1) task_running (run)--the process is executable, it is either executing, or waiting to be executed in the run queue. This is the only possible state that the process executes in the user space, or it can be applied to the process being executed in the kernel space.

2) task_interruptible (interruptible)--The process is sleeping (i.e. it is blocked) waiting for certain conditions to be reached. Once these conditions are reached, the kernel will set the process state to run, and the process in this state will be woken up and put into operation because the signal is received.

3) Task_uninterruptible (non-disruptive)-this state is the same as the interruptible state, except that it will not be woken up for receiving a signal to be put into operation. This state usually occurs when the process must wait without interference or wait for the event to occur soon. Because tasks in this state do not respond to signals, they are less used than interruptible states.

4) Task_zombie (zombie)--the process has ended, but its parent process has not yet called the WAIT4 () system call. The process descriptor for the child process is still preserved for the parent process to be able to learn its message. Once the parent process calls WAIT4 (), the process descriptor is freed.

5) task_stopped (stop)--the process stops executing and the process is not operational or operational. Usually this state occurs when a signal such as Sigstop,sigtstp,sigttin,sigttou is received.

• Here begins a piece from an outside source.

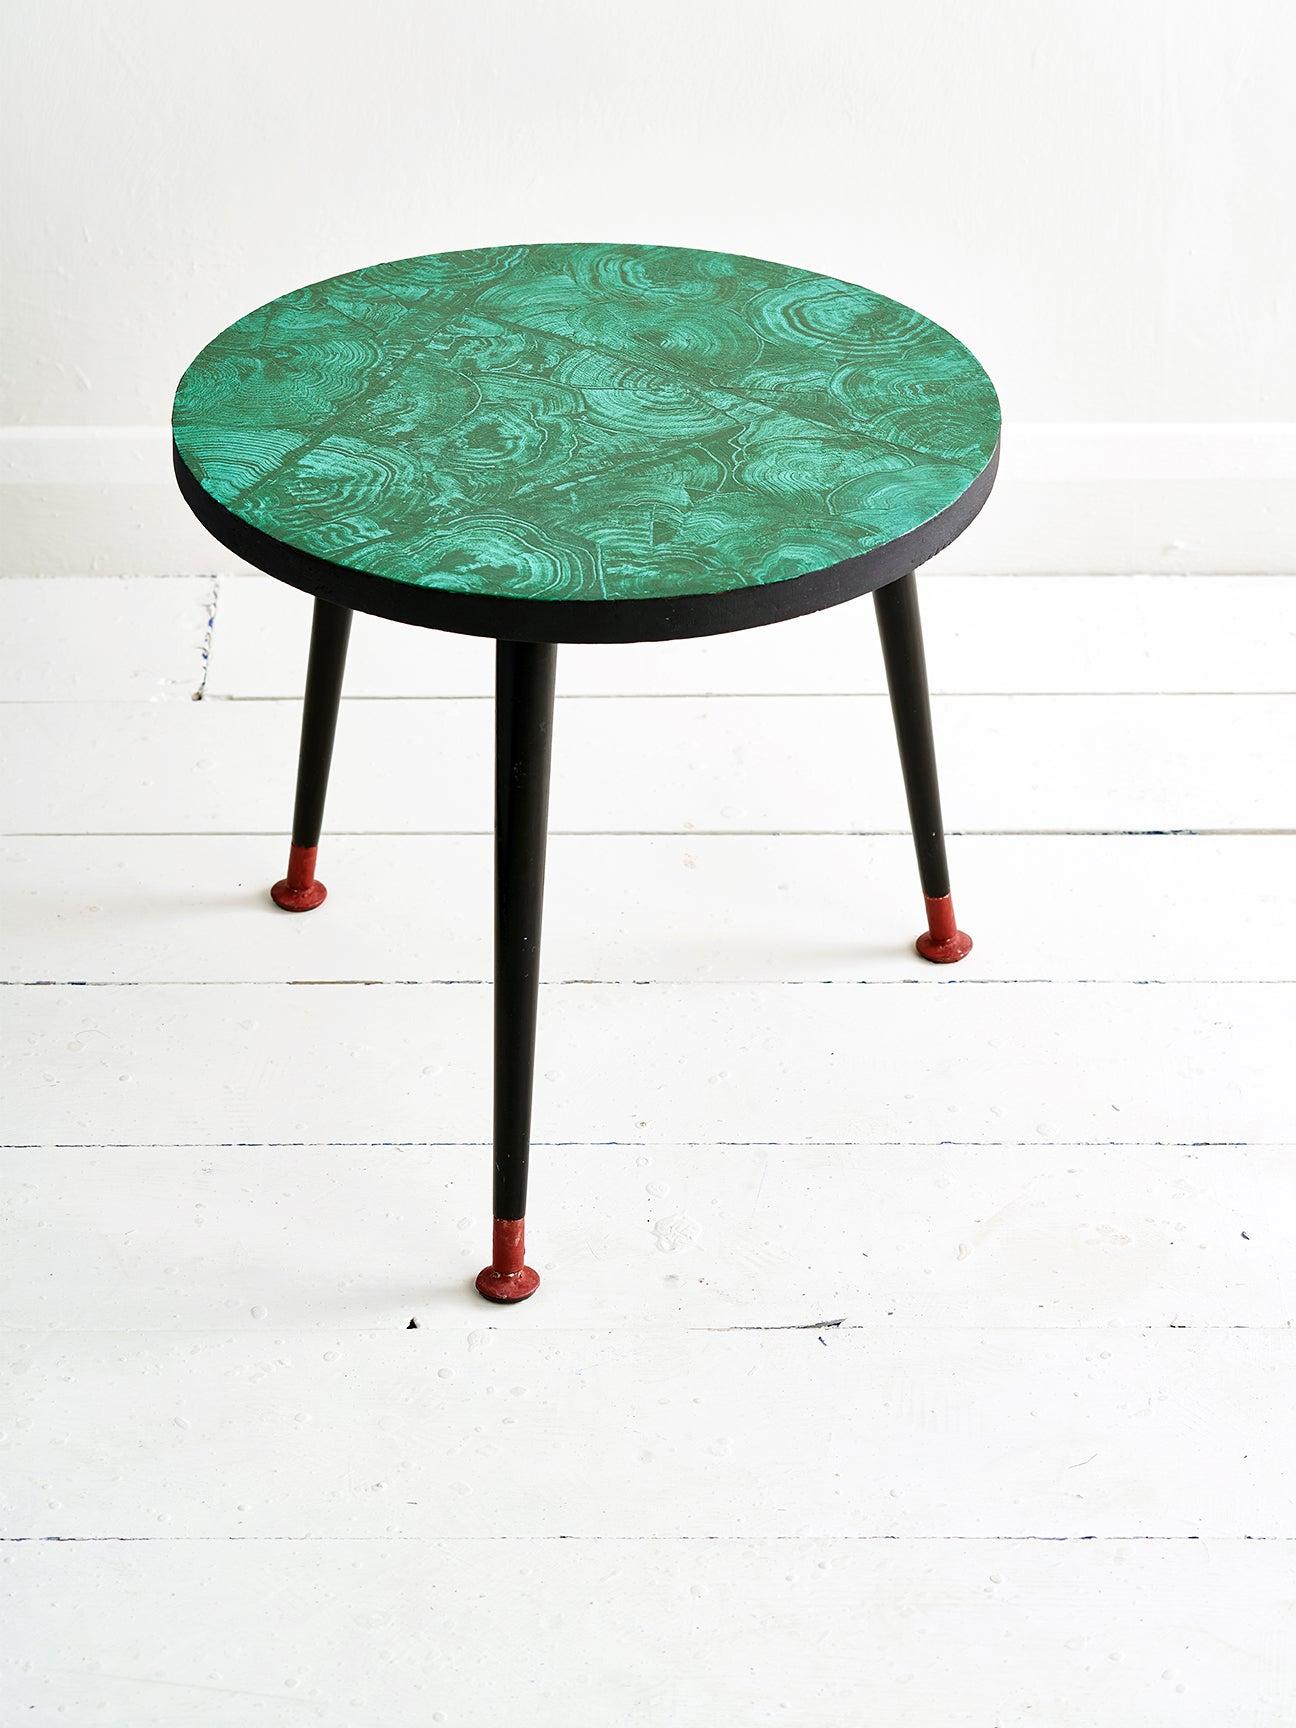 malachite green table top

In addition, any signal received during debugging will cause the process to enter this state.

The status of the process needs to be adjusted, preferably using the Set_task_state (task, state) function, which, when necessary, sets the memory barrier to force the other processor to reorder (SMP).

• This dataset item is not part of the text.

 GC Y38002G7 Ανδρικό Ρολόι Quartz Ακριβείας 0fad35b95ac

The transformation between the various states of a process forms the entire life cycle of the process, from http://www.cnblogs.com/wang_yb/archive/2012/08/20/2647912.html.

Creation of processes

in a Linux system, all processes are descendants of the init process with PID 1. The kernel initiates the INIT process at the last stage of system startup. The process reads the initialization script (Initscript) of the system and executes other related programs, eventually completing the entire process of system startup.

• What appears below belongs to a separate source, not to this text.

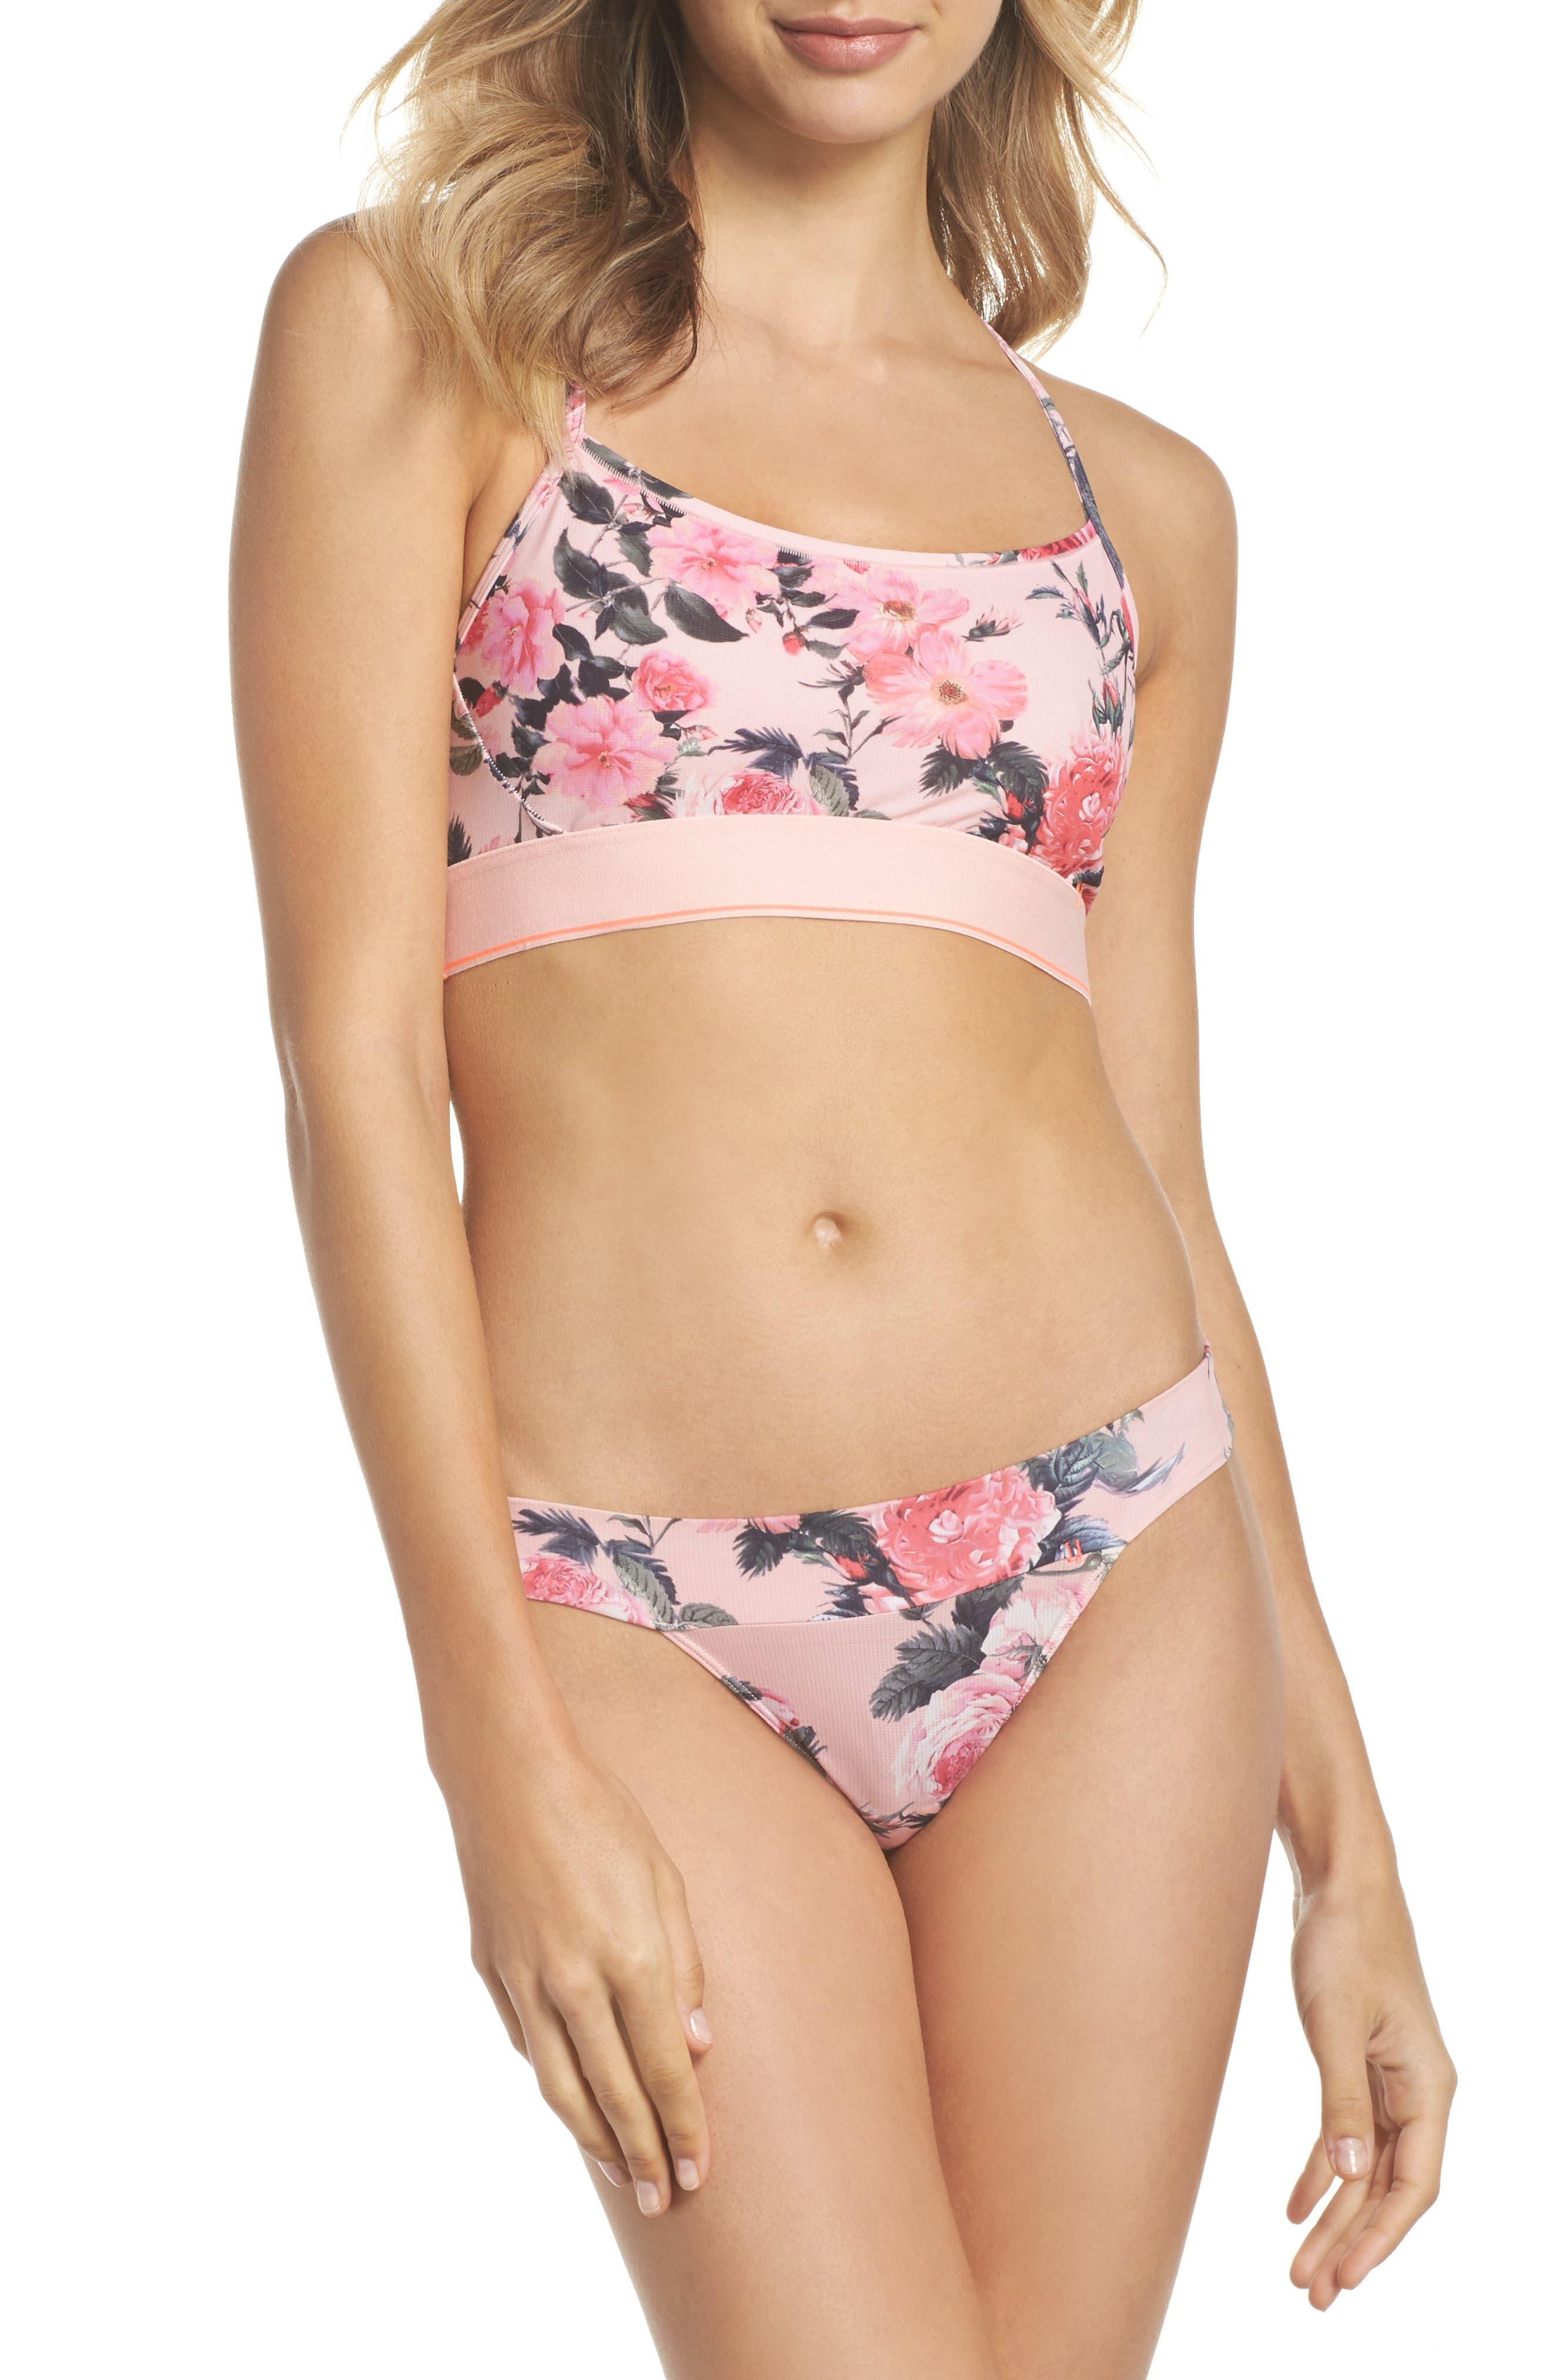 Floral Tomboy Bralette,                             Alternate thumbnail 6, color,                             Pink Multi

Linux provides two functions to process the creation and execution of processes: fork () and exec (). First, fork () creates a child process by copying the current process. The difference between a child process and a parent process is only the PID (unique per process), the PPID (PID of the parent process), and some resources and statistics (for example, a pending signal). The exec () function is responsible for reading the executable file and loading it into the address space to start running.

Fork () is implemented using the write-time copy (Copy-on-write) page. The kernel does not replicate the entire process address space during the fork process, allowing the parent process and child processes to share the same copy, and when writing is required, the data is copied so that the processes have their own copies. When the page is not written at all (exec () immediately after the fork ()), the actual cost of the fork is only to copy the page table of the parent process and create a unique task_struct for the child process.

The fork () function that creates the process actually ultimately calls the Clone () function. The steps to create threads and processes are just the same as the arguments that eventually pass to the clone () function. For example, create a process with a normal fork, equivalent to: Clone (SIGCHLD, 0); Create a process that shares the address space, file system resources, file descriptors, and signal handlers with the parent process, which is a thread: Clone (CLONE_VM | Clone_fs | Clone_files | Clone_sighand, 0).

The main difference between kernel threads created in the kernel and normal processes is that kernel threads do not have a separate address space and they can only run in kernel space.

The difference between fork and vfork

Fork () and Vfock () are all creating a process, so what's the difference? The summary has the following three points difference:
1. Fork (): The child process copies the data segment of the parent process, the code snippet
Vfork (): Child process shared data segment with parent process
2. The execution order of the fork () parent-child process is indeterminate
Vfork guarantees that the child process runs first, before calling exec or exit, and the parent process data is shared before it calls the exec
Or exit, the parent process may be scheduled to run.
3. Vfork () guarantees that the child process runs first, and the parent process may be scheduled to run after she calls exec or exit. If the
The child process relies on further actions of the parent process before invoking these two functions, which results in a deadlock.

Process termination

The process ends at the end of the run, or receives a signal that it can neither handle nor ignore, or when it is abnormal, it will be terminated. At this point, rely on Do_exit () (in the Kernel/exit.c file) to release all resources associated with the process (assuming the process is the only consumer of those resources). At this point, all the resources associated with the process have been freed. The process is not operational (there is actually no address space for it to run) and is in the Task_zombie state. All of the resources it occupies are kernel stacks, thread_info, and Task_struct. The only reason the process exists at this point is to want its parent process to provide information. After the parent process obtains information about the child process that has been terminated, or notifies the kernel that it does not care about the information, the remaining memory such as Task_struct held by the child process is freed.

Orphan process issues

If the parent process exits before the child process, there must be a mechanism to ensure that the child process can find a new parent class, otherwise these orphaned processes will always be in a zombie state at the time of exiting, consuming memory in vain. The workaround is to have the child process find a thread within the current thread group as the father, and if not, let Init do their parent process.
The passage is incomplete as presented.